Attackers frequently now are using various attacks like hijacking or replay to impersonate users. Token protection creates a crypto secure tie between the token and device, which makes the token useless on any other device. This binding is created at Entra join, which gives you some great protections. I just want to touch on the requirements for this one too:

• Windows 10+ that are Entra joined, hybrid joined, or Entra registered.
• OneDrive sync client 22.217+
• Teams 1.6.00.1331+
• Power BI desktop 2.117.841.0+
• Visual Studio 2022+ using Windows authentication broker
• No support for Office perpetual clients

These flows will break things like PS modules, PowerQuery in Excel, Teams 2.1 client, Windows Server, Surface Hub, and MTRs. So, make sure you exclude those device types accordingly. One other note that this feature requires Entra P2 licenses. Now, let’s move onto the setup!

First, we can target two apps (Exchange and SharePoint):

Next, we filter to Entra joined devices (you can add my friend Hybrid in here too):

We only select “mobile apps and desktop clients”

The final piece is requiring token protection for sign-in sessions.
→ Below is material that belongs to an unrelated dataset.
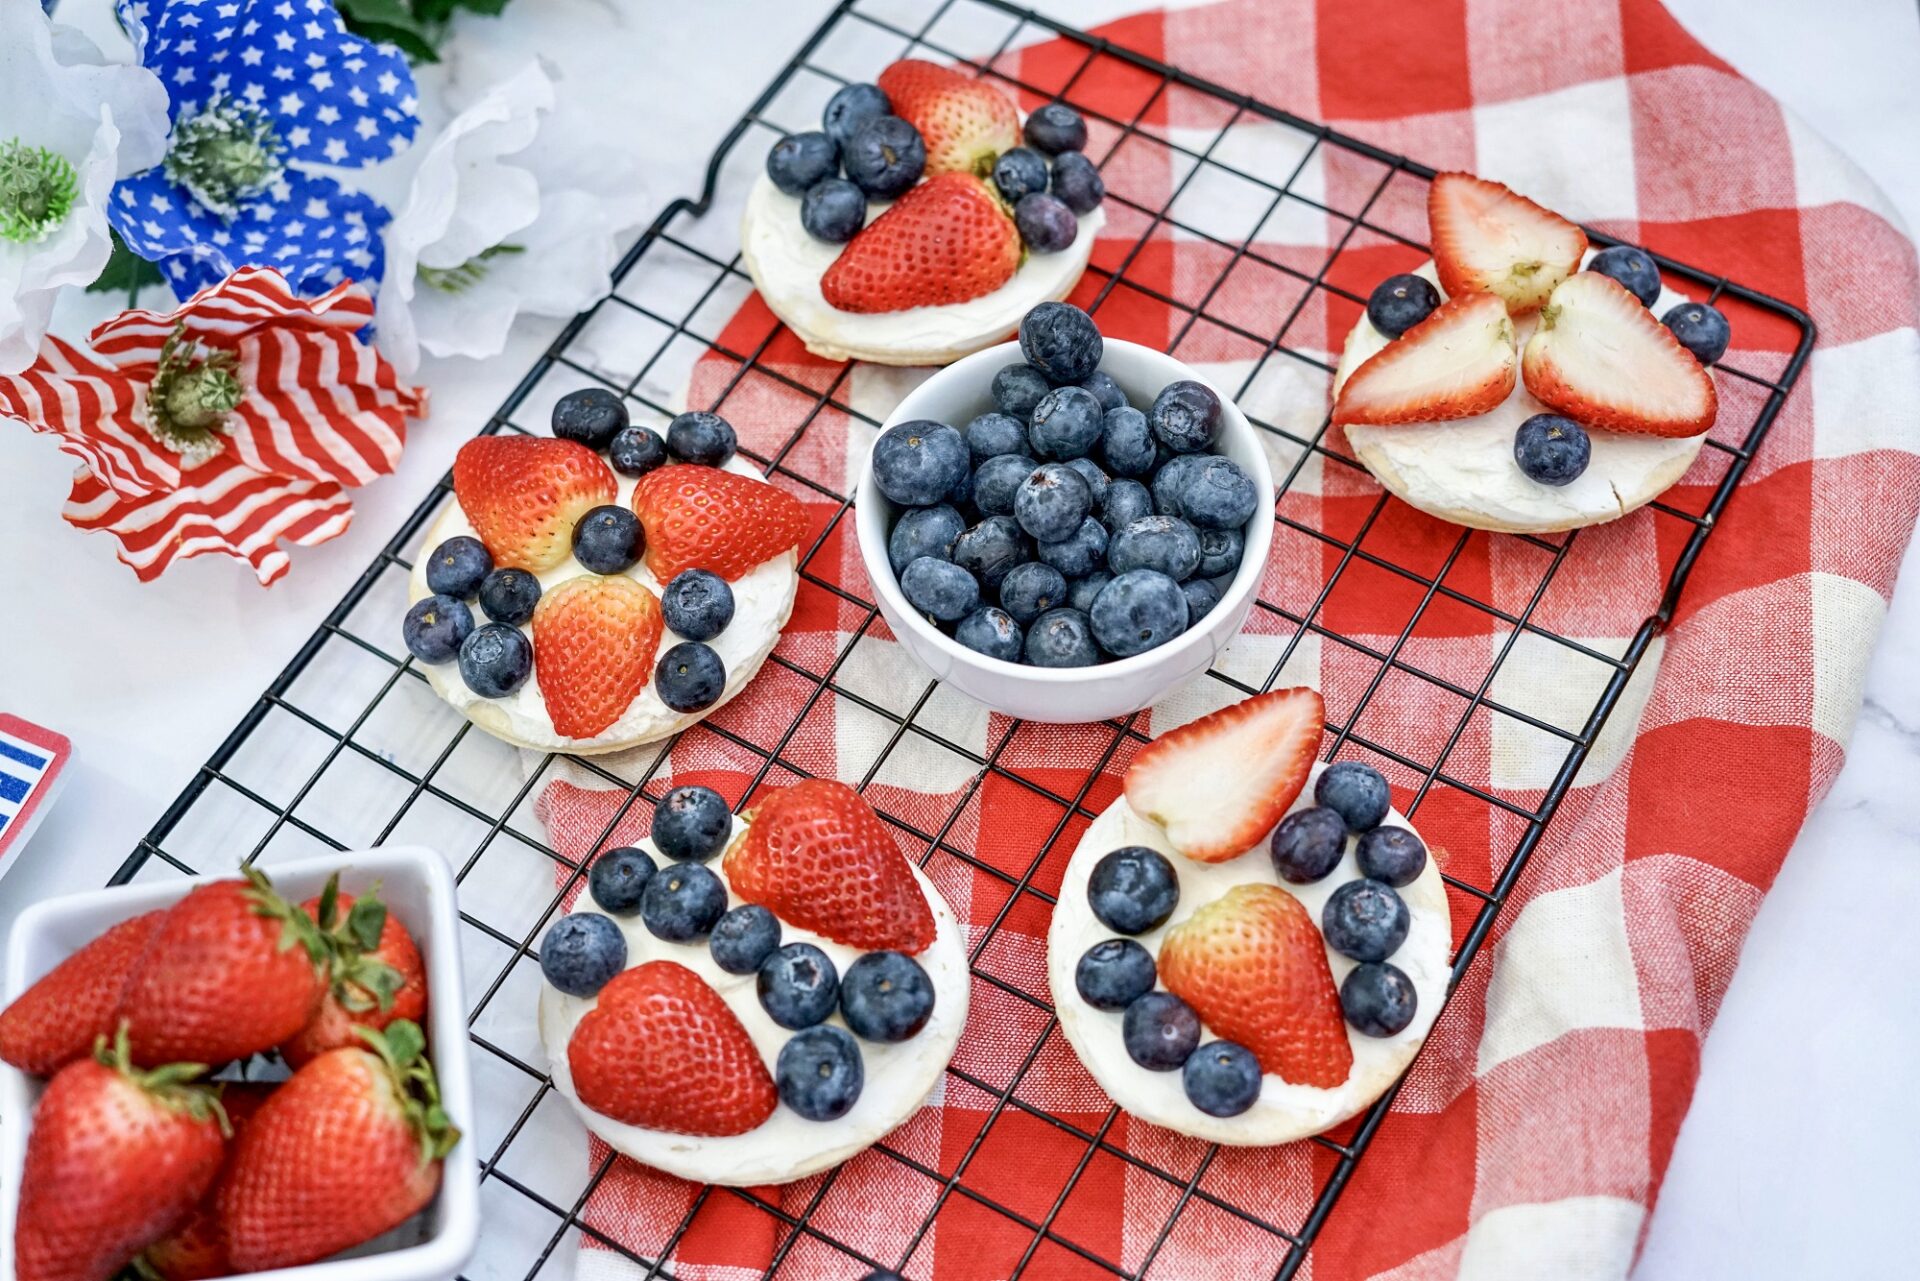 Mini Fruit Pizza with strawberries and blueberries on a cooling rack.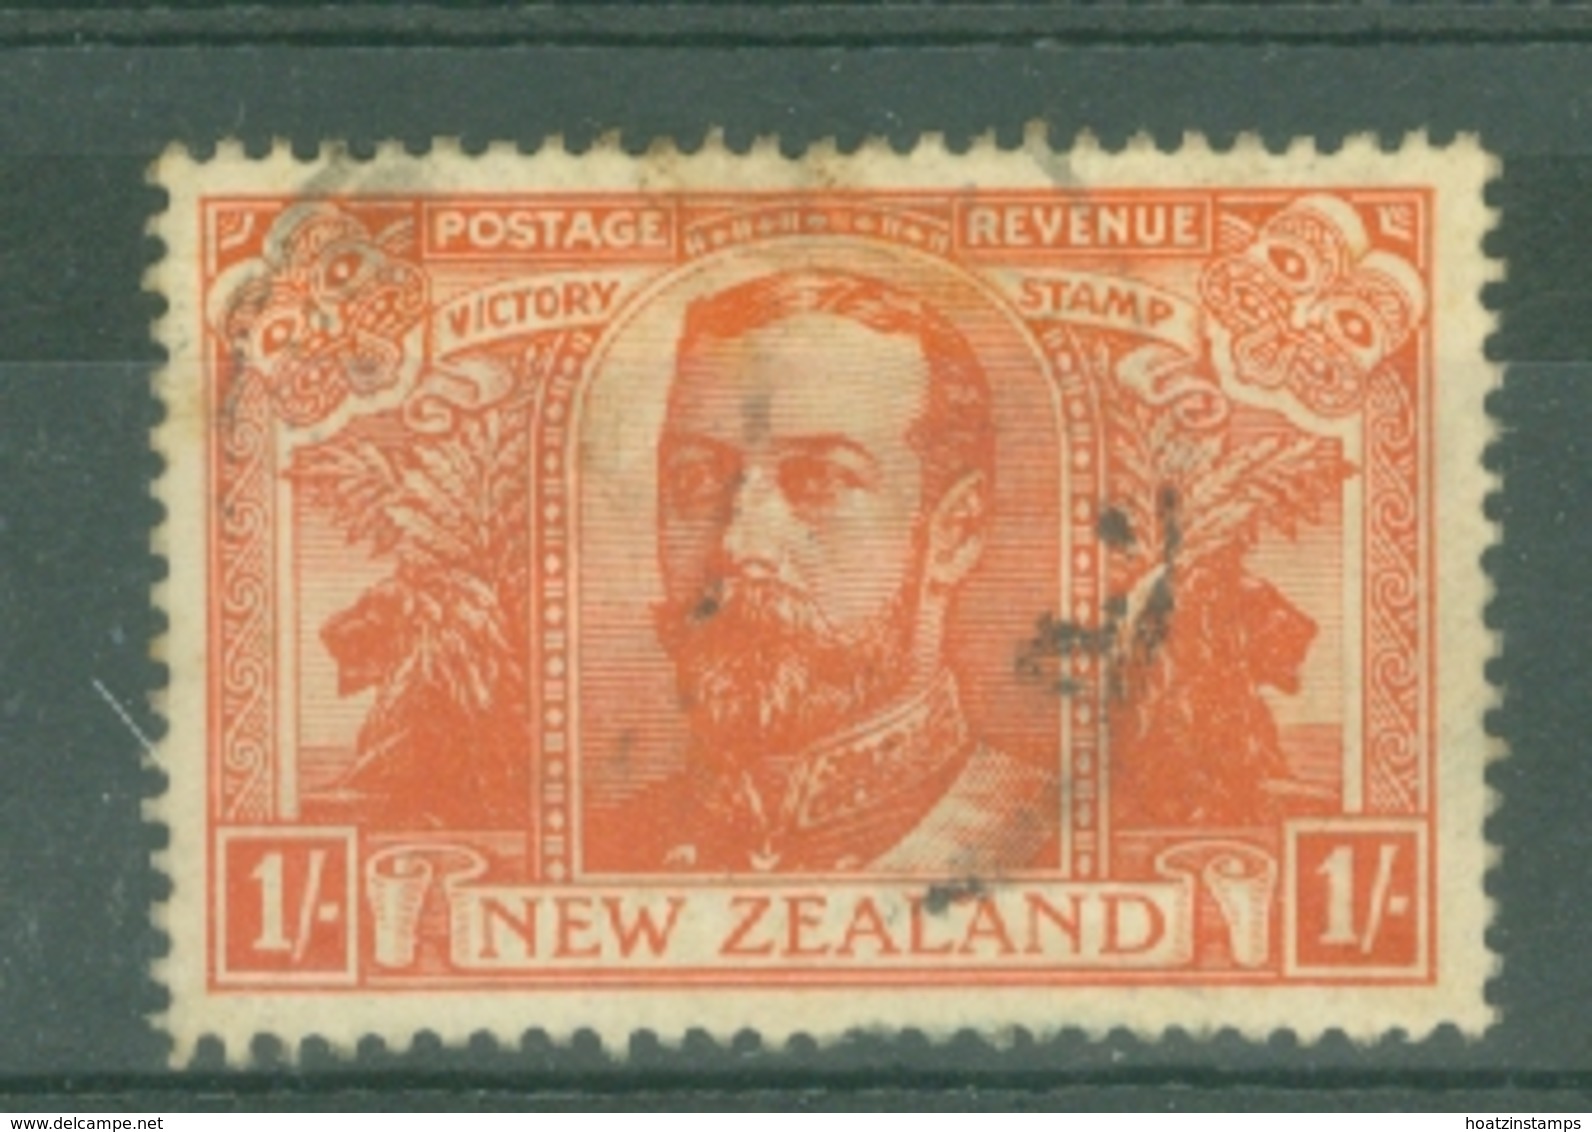 New Zealand: 1920   Victory     SG458     1/-    Used - Gebraucht

We have to do it this way because during the preview we can run into a few different issues if we don’t like:

• Teams web services that leverage MSAL.js can get blocked
• If you try to use other apps beyond SPO and EOL, you will likely run into failures and issues overall.

Requiring Phishing Resistant MFA for Trusted Devices

The final conditional access policy I want to touch on is for a recent attack. Recently, we learned attackers can bypass Windows Hello’s strong authentication as you can read here.

A good way of combating this issue is with this policy, which uses our same device filter:

It will take all of your Entra joined devices and enforce/require phishing resistant authentication:

Essentially, this policy helps ensure that any device that is Entra joined will leverage phishing resistant authentication (or whatever your auth strength policy dictates) to help secure against these attacks.

Final Thoughts

As we wrap things up, I hope this was helpful for people. The reality with Entra CAPs is you will likely have some swings and misses. Make sure you emphasize the need to leverage “Report Only” and monitor how your policies are working and impacting your company.

Don’t be like me and turn on a policy to block device code flow and forget to add block device code flow to it! Conditional Access is pretty difficult, but through testing, iterating, and hard work you can build a strong security strategy for accessing your resources.

More than anything, just keep it simple. Don’t get crazy. When we get complicated and deviate too far from “All Cloud Apps” is where we wind up locking ourselves out and scurrying for our break-glass accounts.